To investigate the effects of the Cypor-deficient hepatocytes on blood cholesterol levels in Ldlr−/− mice treated with APAP, blood was collected at the following time points: 3 days prior to transplantation, 10 days after the final APAP dose, and 5 weeks on the Western diet. Plasma was separated from the blood and analyzed for total cholesterol, LDL-C, and triglyceride levels. No significant differences were observed in baseline levels, validating the consistency of the lipid tests (Figure 4D). A significant decrease in triglyceride levels was observed in APAP-selected mice compared to untransplanted controls after selection (mean 166 mg/dL and 314 mg/dL, respectively, p = 0.0242). At 5 weeks on the Western diet, LDL-C and triglyceride levels were 18% and 52% lower than untransplanted mice, respectively. To ensure the development of atherosclerosis [38], mice were maintained on a Western diet for an additional 7 weeks and the aortic root was dissected and stained to quantify plaque formation (Figure 4E). We observed no difference in the plaque areas between the APAP-selected mice, no-APAP, and untransplanted control groups (Figure 4F). Together, our results indicate that APAP selection of Cypor-deficient hepatocytes reduces triglyceride and LDL-C levels in mice maintained on a Western diet for 5 weeks. However, due to lipid accumulation and associated lipotoxicity, Cypor-deficient hepatocytes are unable to efficiently clear lipids, leading to massive steatosis, loss of edited hepatocytes, and diminished protection against the development of atherosclerosis.

4. Discussion

Based on these findings, we confirmed that hepatocytes isolated from C57BL/6J mice and electroporated with Cypor-targeting Cas9 RNPs can successfully engraft and repopulate the liver in C57BL/6J and Ldlr−/−recipient mice following transient APAP administration to levels predicted to provide therapeutic benefit. As confirmed by liver biomarker analysis, we observed no evidence of APAP-induced liver toxicity in C57BL/6J mice. In contrast, Ldlr−/− mice showed evidence of liver pathology. The recipient Ldlr−/− mice treated with APAP showed significantly higher ALP levels compared to controls at 10 days post-APAP treatment, while other liver biochemistry markers showed no differences between the APAP-treated mice and controls (Figure 2). However, the mean ALP level remained within the normal physiological range for mice, indicating no change in liver function. With a longer recovery period following APAP selection, the elevated ALP would likely have returned to the same level as the controls. However, histological analysis of liver sections revealed the abnormal formation of lipid-filled nodules in APAP-selected mice on a regular chow diet, which is indicative of lipidosis in Ldlr−/−recipient mice due to Cypor deficiency.

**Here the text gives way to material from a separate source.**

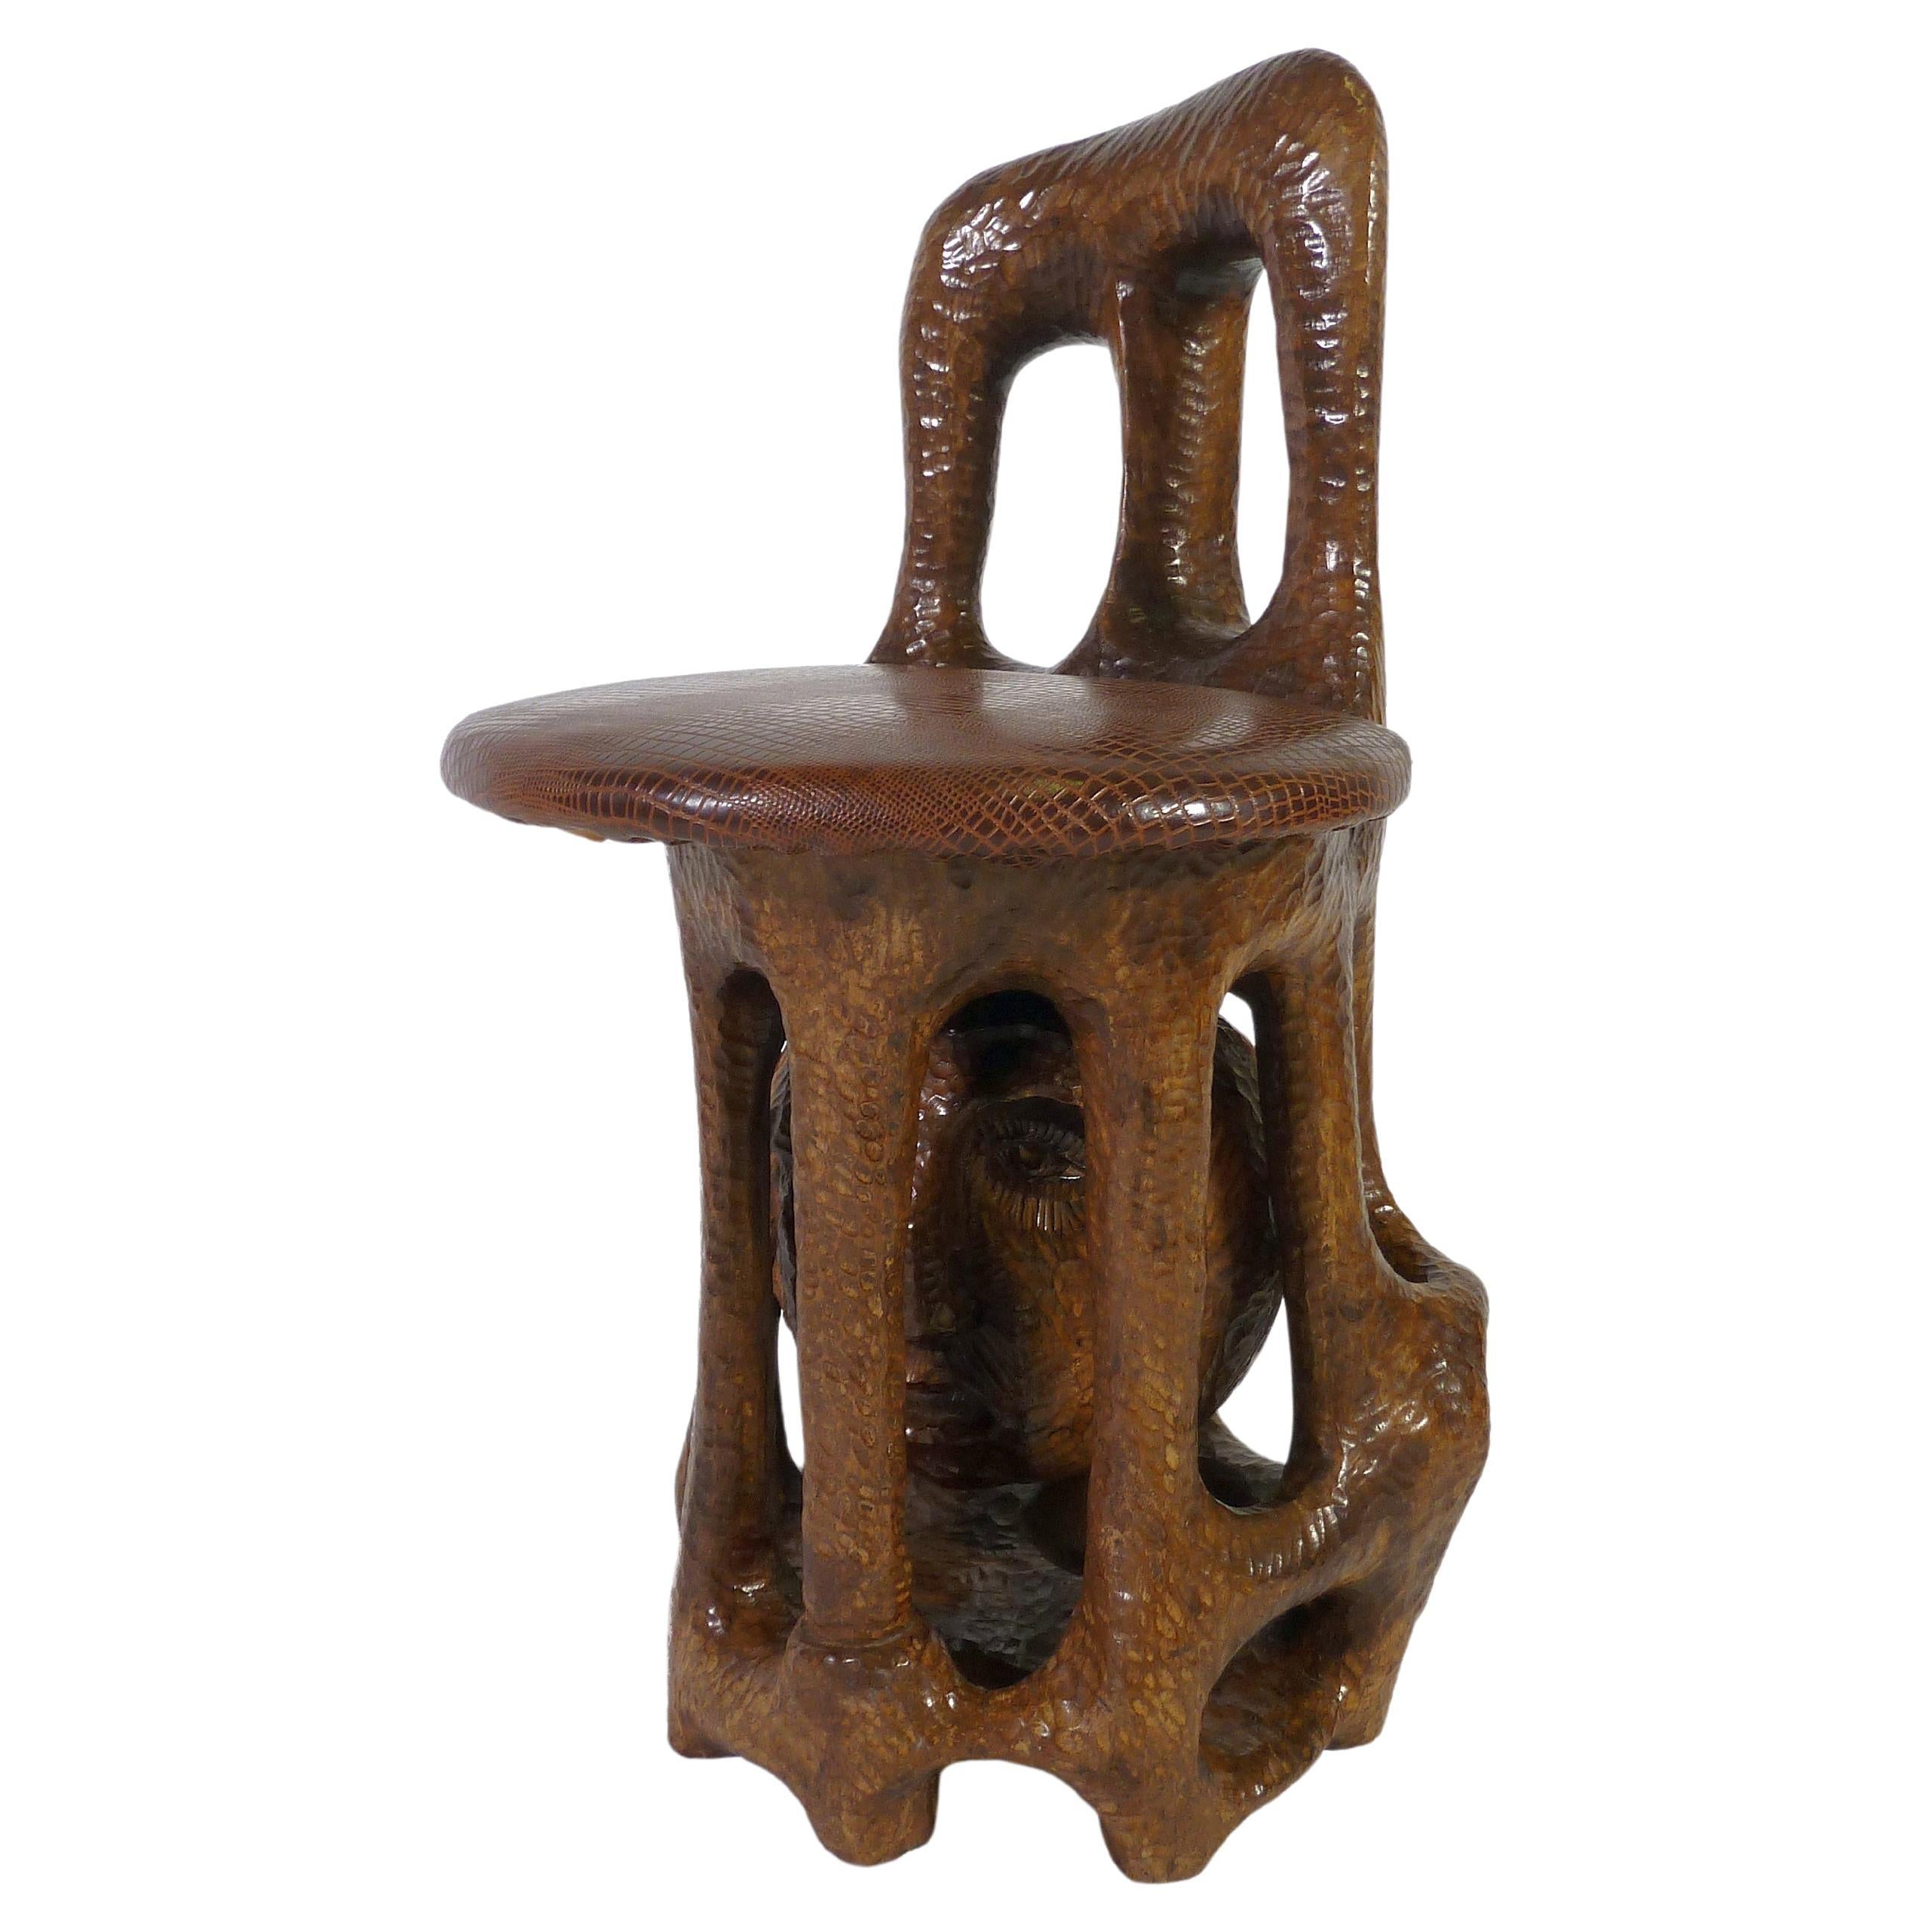 Sol Garson Signierter skulpturaler Stuhl, 1970er Jahre, Kunst, handgeschnitzte Holzskulptur Mandela
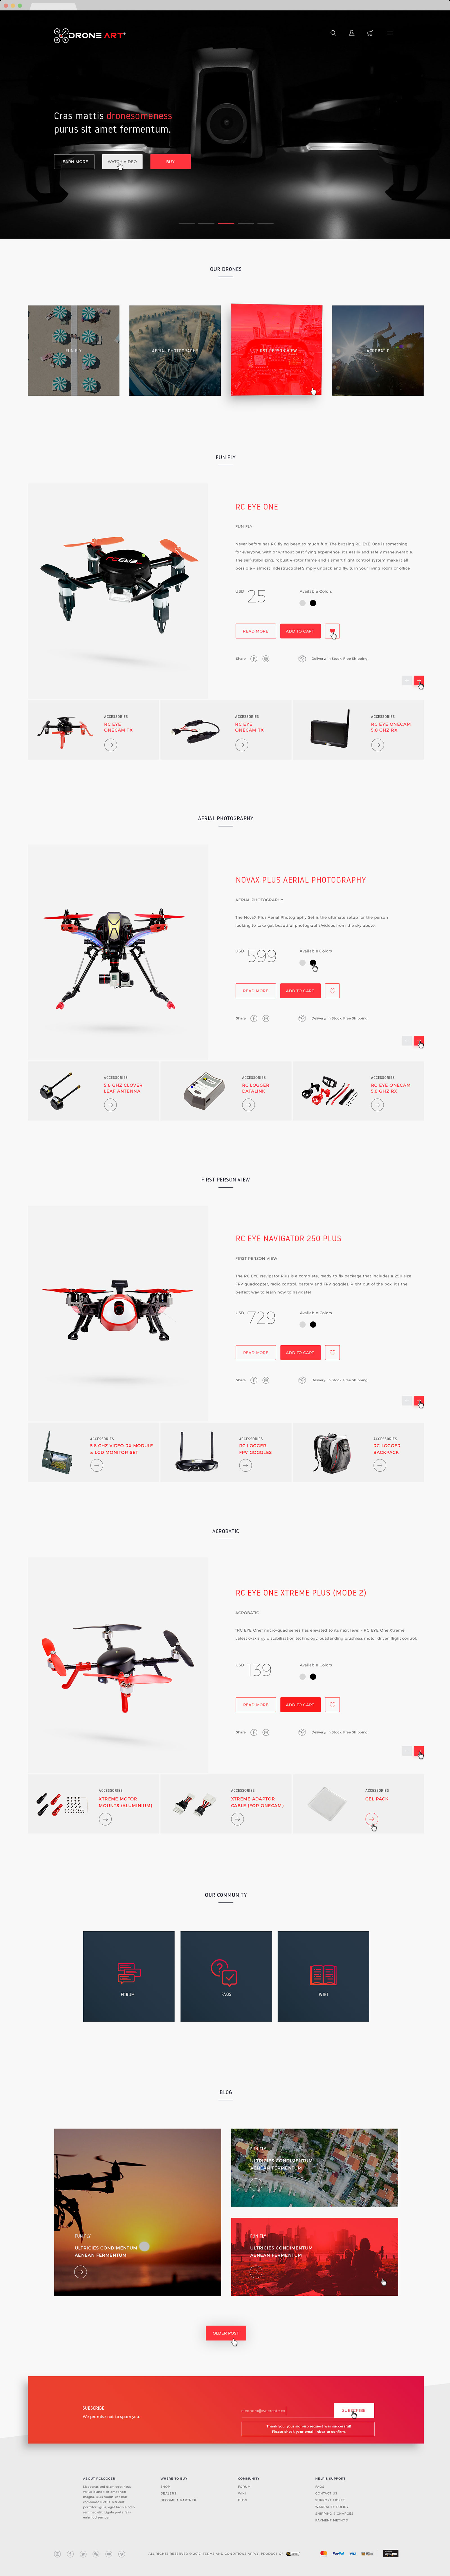 e commerce singapore drone art 01 - Drone Art

Our results indicate that the engraftment of Cypor-deficient healthy hepatocytes expressing Ldlr in the liver of Ldlr−/− recipient mice slightly lowers lipid levels. After selection, we observed a reduction in the total cholesterol (16%), LDL-C (51%), and triglycerides (47%) in the recipients selected with APAP compared to the untransplanted controls on a regular chow diet (Figure 4). The reduced lipid levels persisted when Ldlr−/− recipient mice were switched to a Western diet following APAP selection. After 5 weeks on the Western diet, we observed reductions in total cholesterol (5%), LDL-C (18%), and triglyceride levels (52%) compared to the untransplanted controls. However, after 12 weeks on the Western diet, there was a loss of gene-edited hepatocytes (Figure 3) compared to the levels after selection (Figure 2). The decrease in lipid levels was insufficient to protect against atherosclerosis, as indicated by the aortic plaque areas.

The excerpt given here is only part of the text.